Retrieval-Augmented Generation: Building LLMs That Know What They Don't Know

The fundamental tension in deploying large language models for knowledge-intensive tasks is this: LLMs know an enormous amount, but what they know is frozen at training time, difficult to update, and unreliably recalled. Retrieval-Augmented Generation is the practical resolution of this tension — a pattern that gives models access to external, authoritative, up-to-date knowledge without the cost of retraining.

The idea is elegant and the tutorial version is simple.

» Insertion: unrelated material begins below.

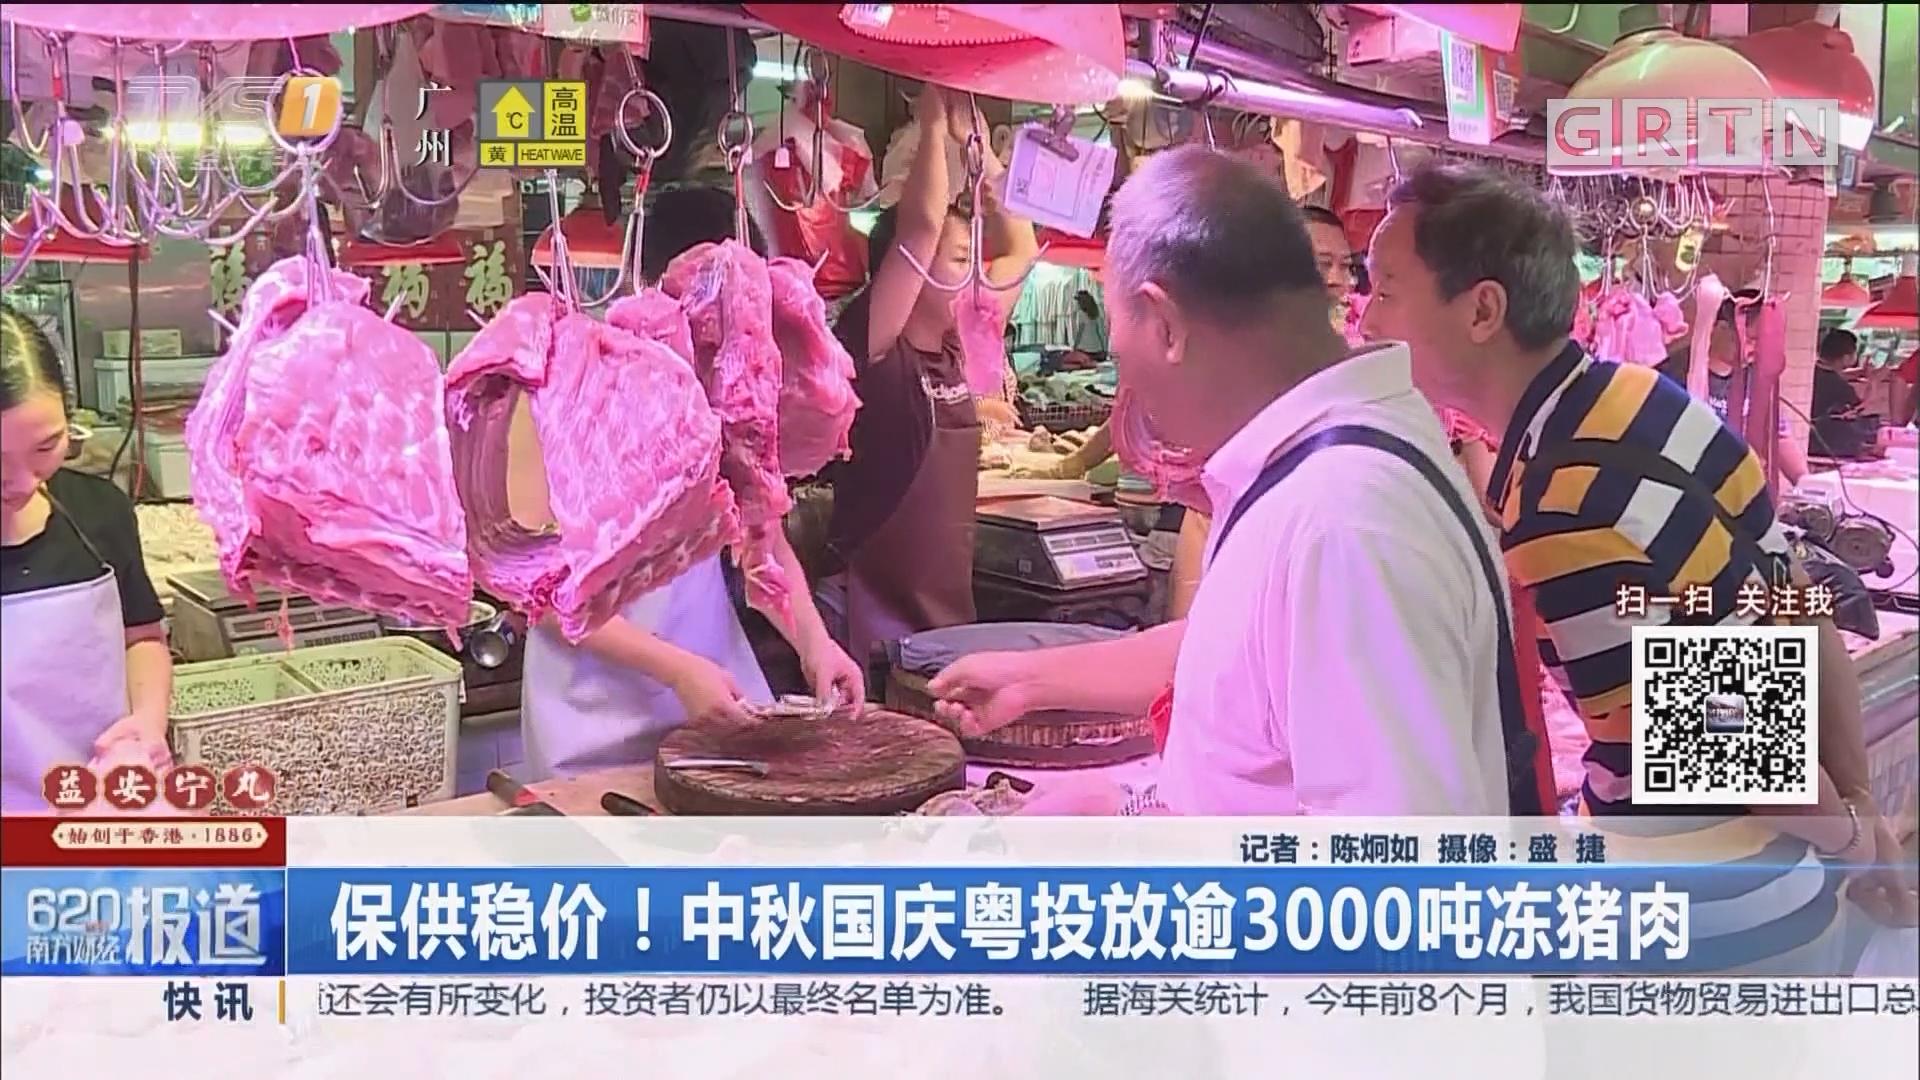 保供稳价!中秋国庆粤投放逾3000吨冻猪肉

The production version is significantly more complex. This post covers both — with honest attention to the gaps between them.

The Architecture, Simply

In a basic RAG system:

A user asks a question
The question is used to retrieve relevant documents from a knowledge base
The retrieved documents and the original question are combined into a prompt
An LLM generates an answer based on the prompt, grounded in the retrieved documents

This is not conceptually novel — information retrieval has existed for decades. What RAG adds is the language model’s ability to synthesize, interpret, and respond in natural language based on retrieved material, rather than simply returning matched documents.

The knowledge base can be anything: a corpus of company documentation, a legal code, medical literature, a support ticket history, a product catalog. The key is that it is external to the model weights — verifiable, updatable, and owned by the deployer.

Step 1: Document Ingestion and Chunking

Before any queries can be answered, documents must be processed into a form the retrieval system can use. This involves chunking — splitting documents into smaller pieces — and embedding — converting text into dense vector representations.

Chunking Strategy Matters More Than You Think

The default chunking approach — split on a fixed number of tokens, perhaps with some overlap — works adequately and fails predictably. The failures are specific:

Semantic splitting is better. Cutting in the middle of a table, mid-paragraph, or between a header and its associated content produces chunks that are either incomplete or useless for answering questions about that content. Chunk on semantic boundaries: paragraphs, sections, table rows.

Chunk size affects retrieval quality. Small chunks (100 tokens) contain precise information but may lack context. Large chunks (1000 tokens) preserve context but reduce retrieval precision — you might retrieve a chunk that contains the answer buried in largely irrelevant material. The optimal size depends on your content type and query patterns. Experiment rather than assume.

Hierarchical chunking. An increasingly effective strategy: create chunks at multiple granularities (paragraph-level and section-level) and embed both. Retrieve at the fine-grained level for precision, but return the parent section for context. This “small-to-big” retrieval pattern significantly improves answer quality when the precise information needs surrounding context to be intelligible.

Preserve metadata. Every chunk should carry metadata: source document, section title, date, author, page number. This metadata enables filtering, attribution, and debugging — all of which you will need in production.

Step 2: Embedding and Indexing

Embedding converts text into vectors in a high-dimensional space where semantically similar text maps to nearby points. A question about “aircraft engine maintenance” should retrieve text about turbofan service intervals even if none of those exact words appear in the question.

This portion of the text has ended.